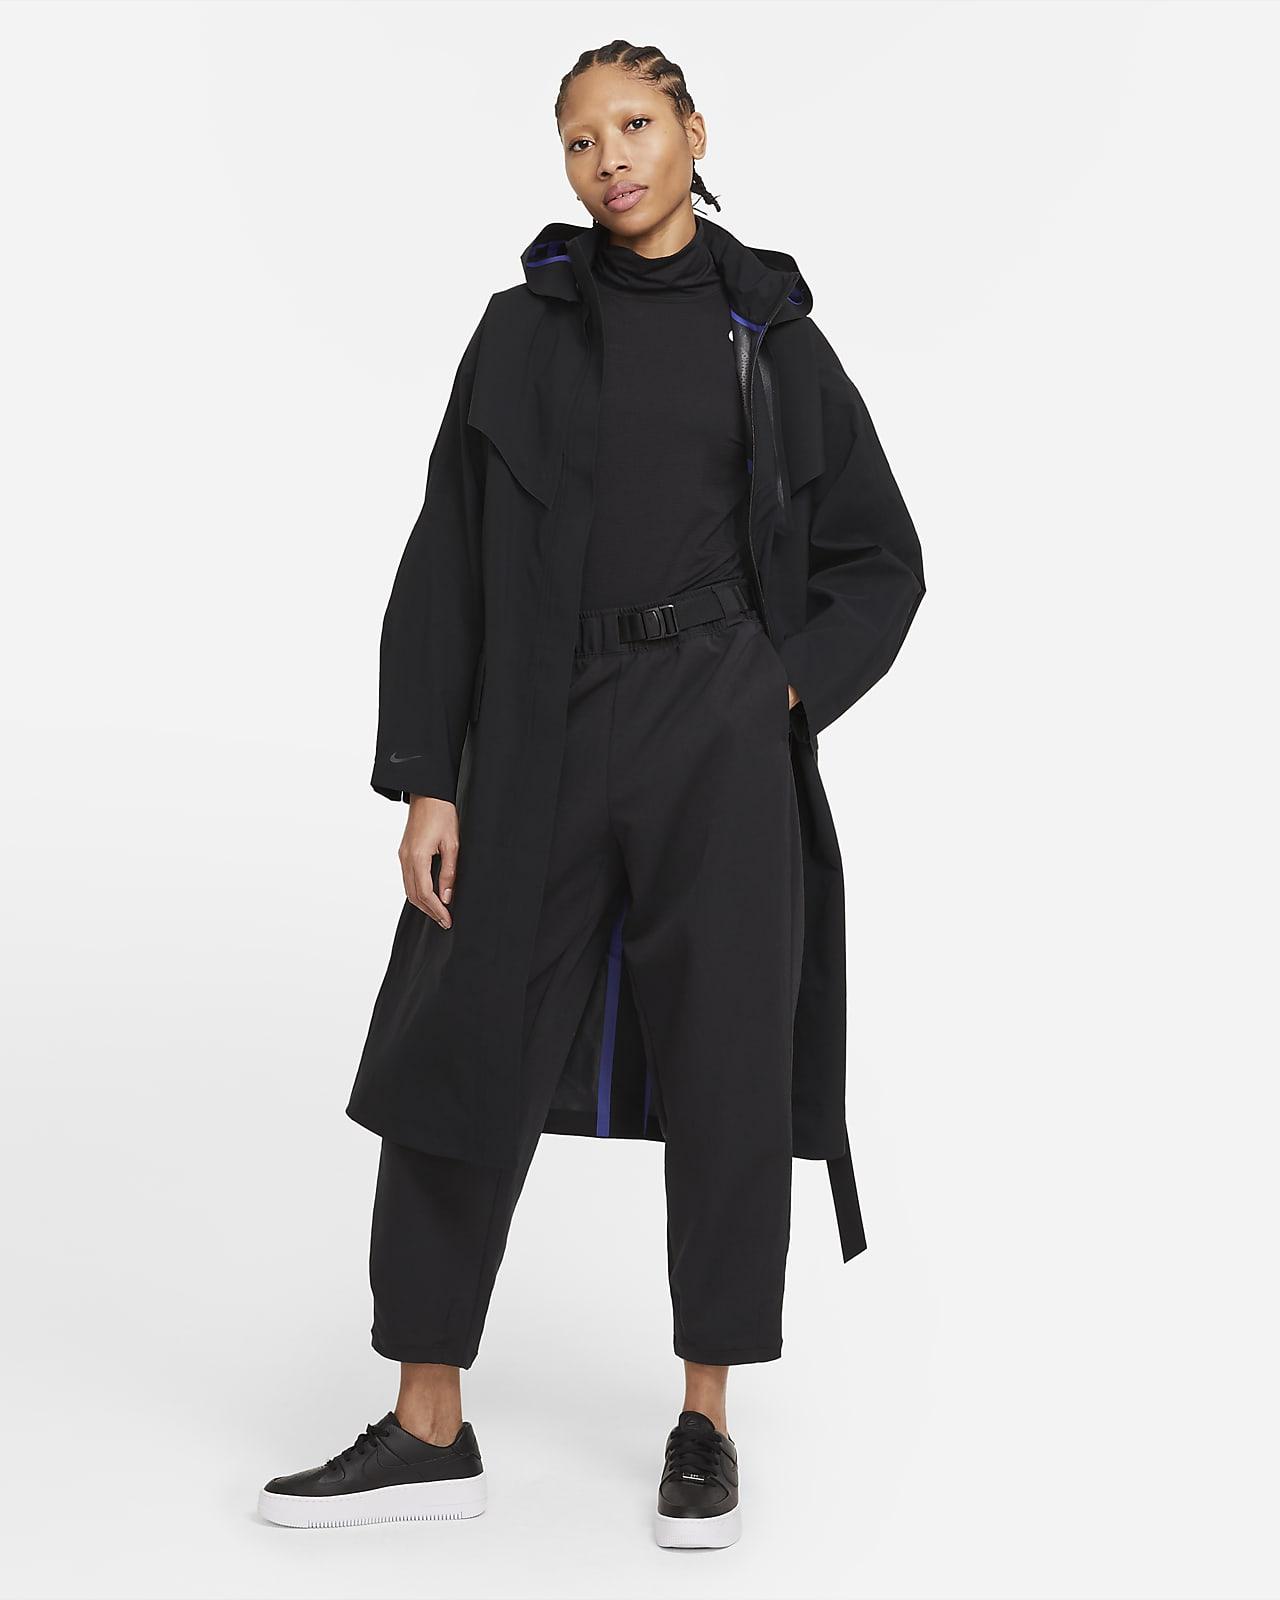 Chamarra para mujer Nike Sportswear Tech Pack
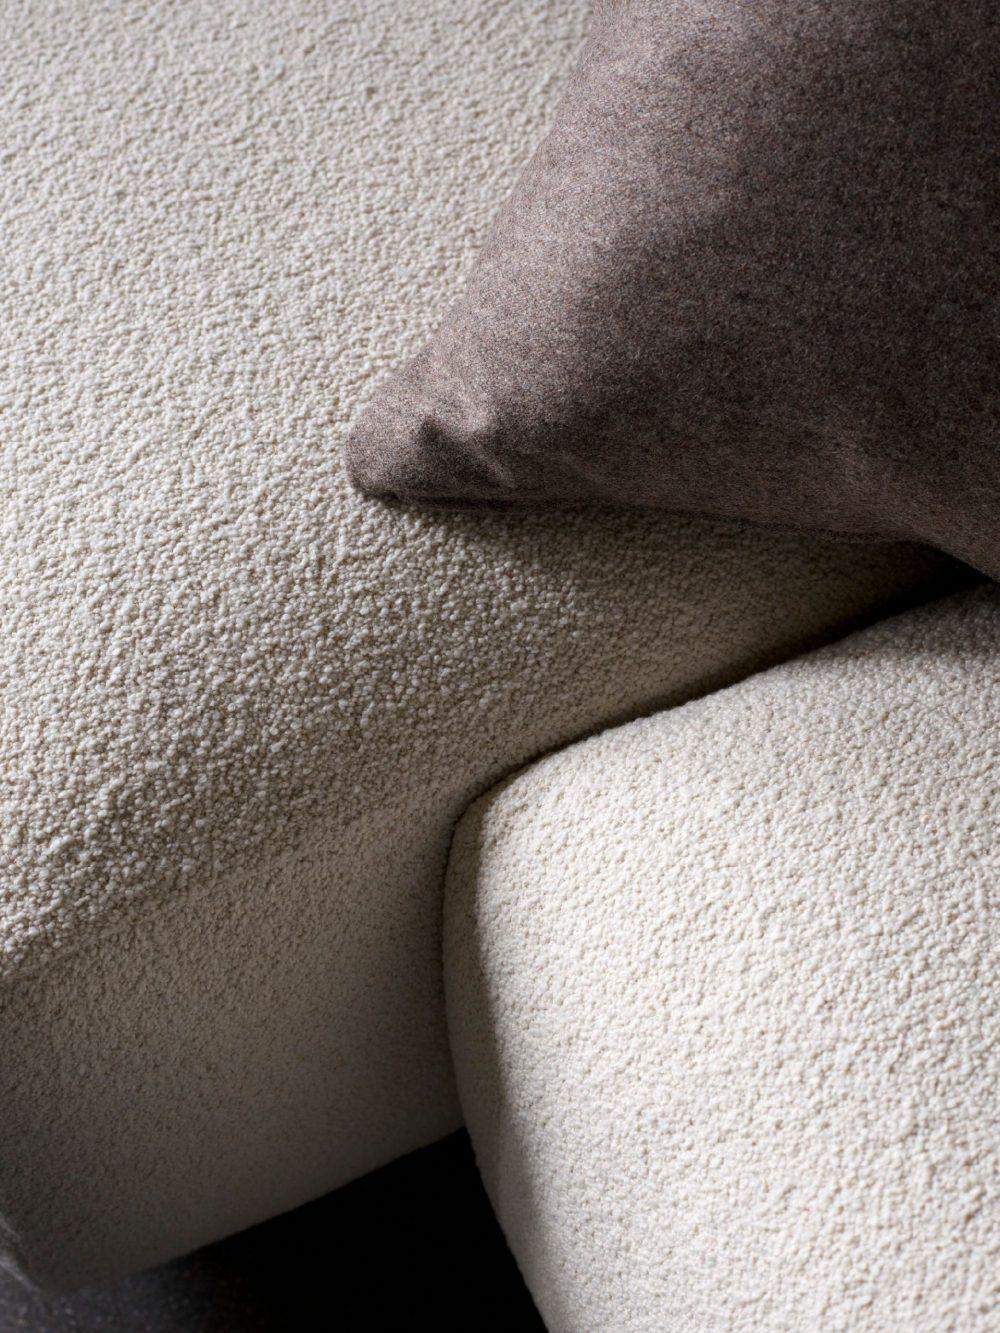 wendelbo sofa, wendelbo,copenhangen,丹麥沙發,丹麥家具,sofa, 進口沙發,北歐風,北歐家具,北歐設計,nordic, nordic design,訂製沙發,布沙發,真皮沙發,極簡設計
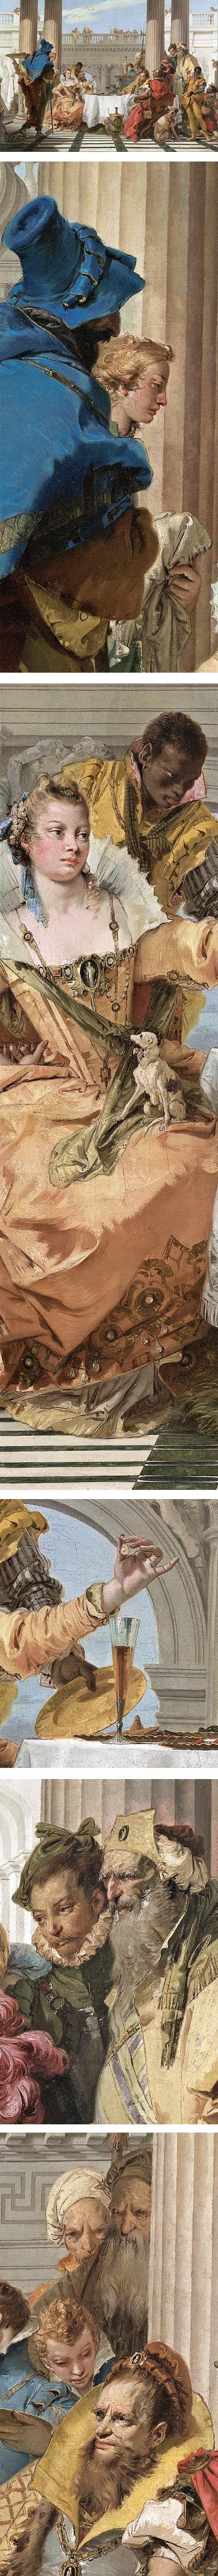 The Banquet of Cleopatra, Giambattista Tiepolo
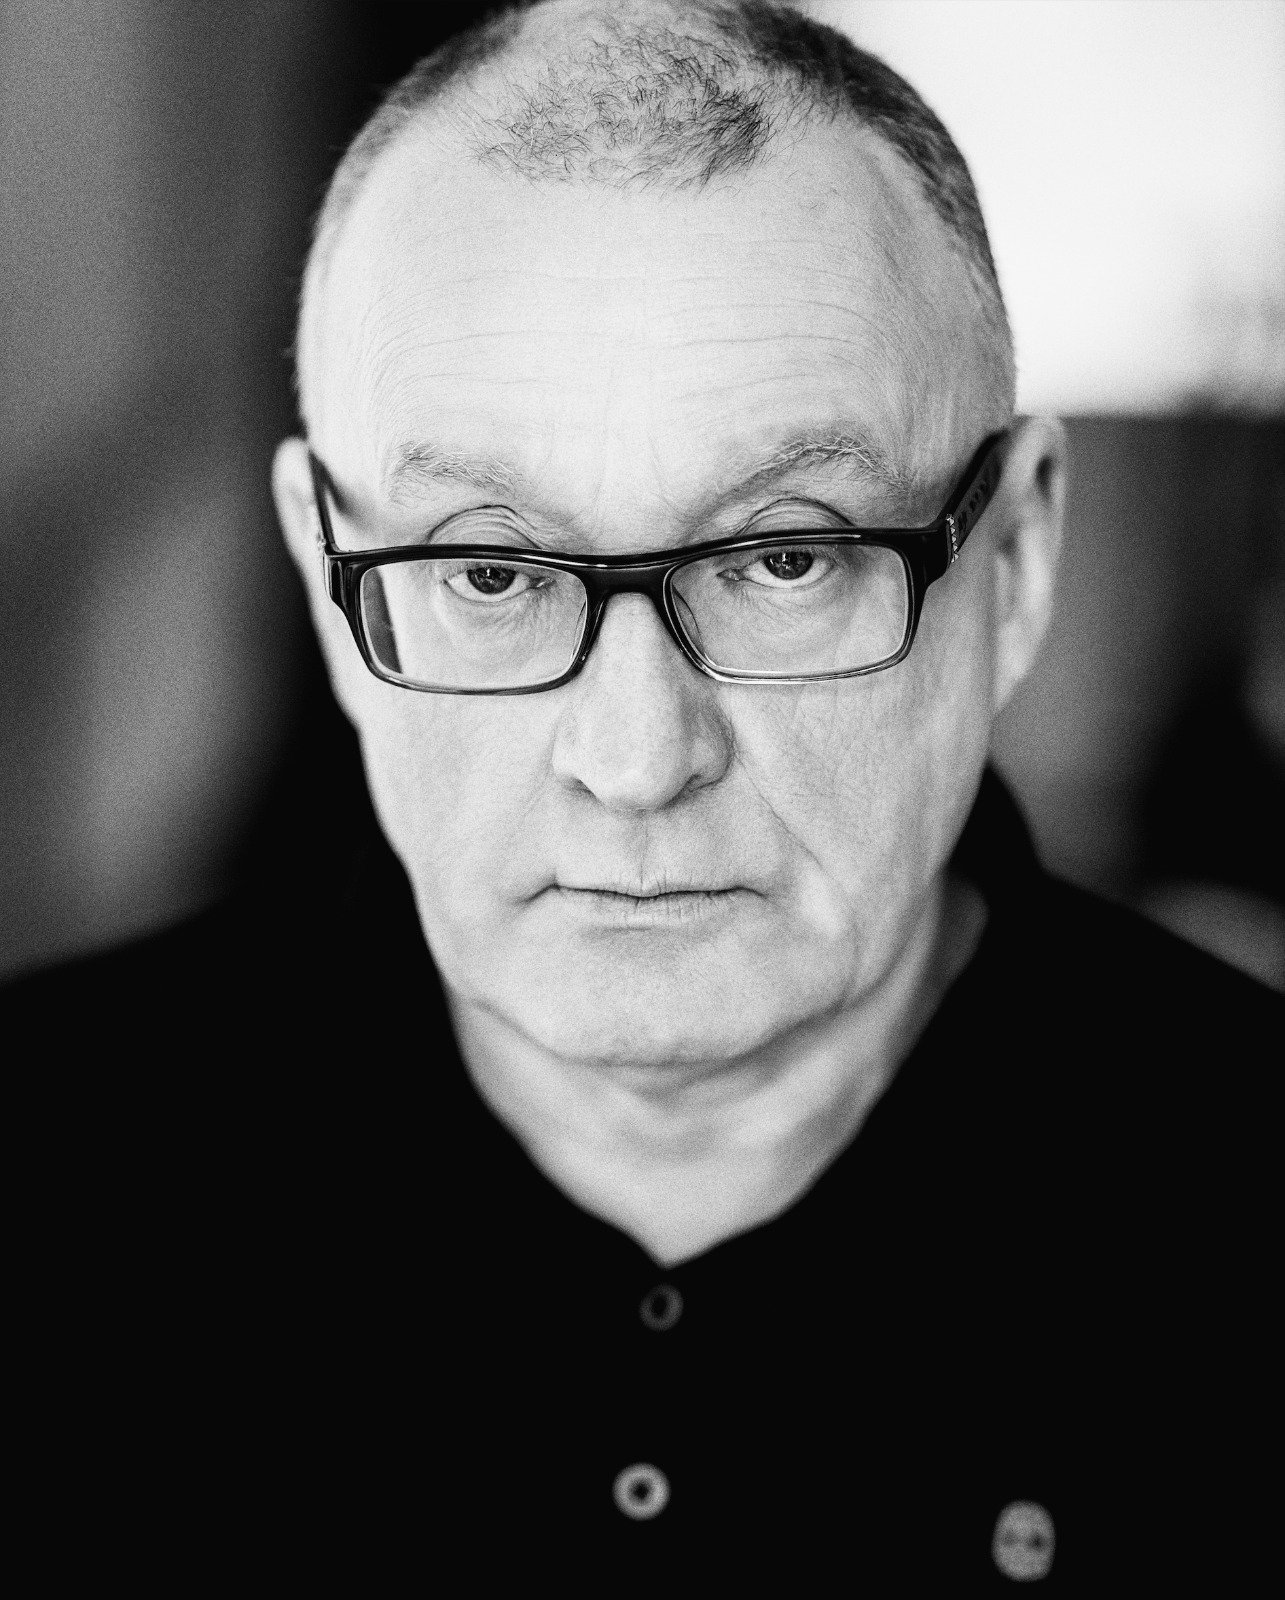 Stuart Cosgrove | photograph - by Kris Kesiak
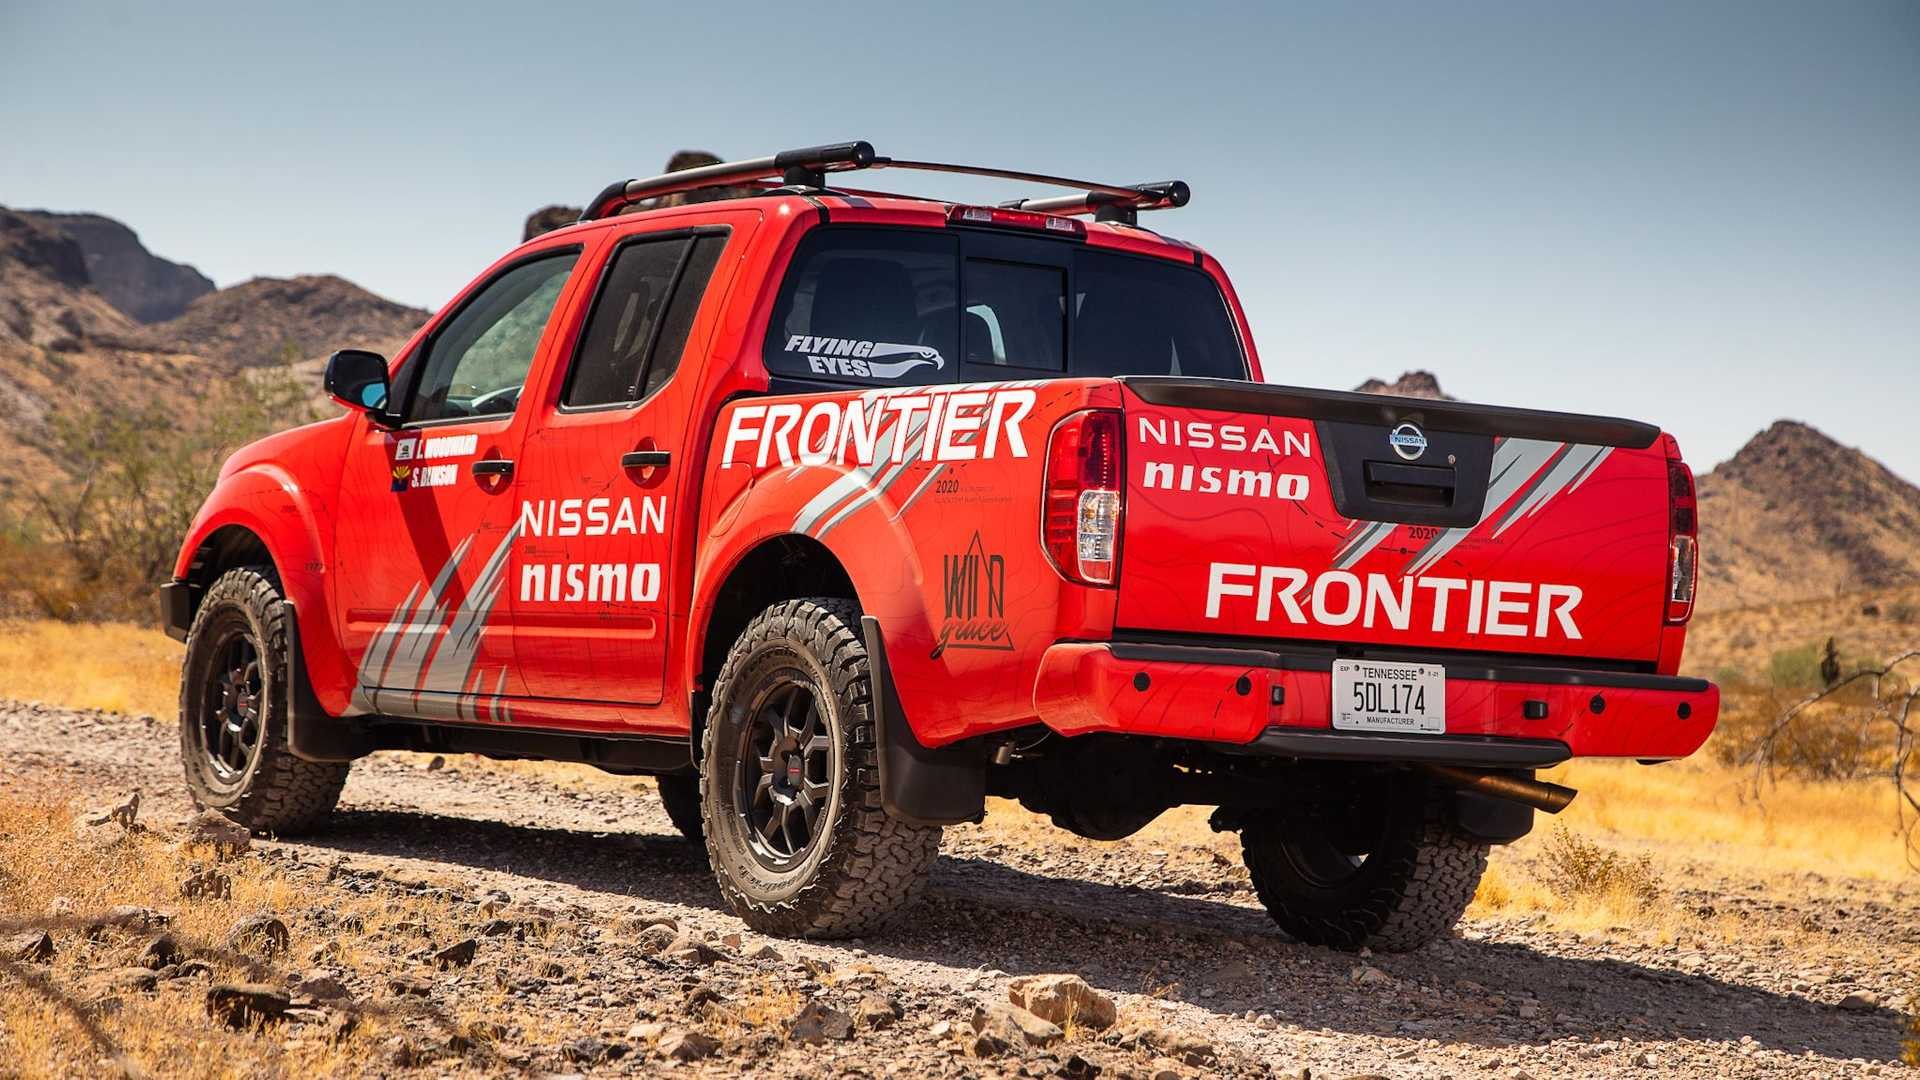 2020-nissan-frontier-bumper-nismo-11
::::::::
* [EXERCISE DETAILS]:
Set out the material once more, exact in every line, with no images.

* [ANSWER FOR THIS EXERCISE]:
 Chamarra para mujer Nike Sportswear Tech Pack
 wendelbo sofa, wendelbo,copenhangen,丹麥沙發,丹麥家具,sofa, 進口沙發,北歐風,北歐家具,北歐設計,nordic, nordic design,訂製沙發,布沙發,真皮沙發,極簡設計
 The Banquet of Cleopatra, Giambattista Tiepolo
 Stuart Cosgrove | photograph - by Kris Kesiak
 2020-nissan-frontier-bumper-nismo-11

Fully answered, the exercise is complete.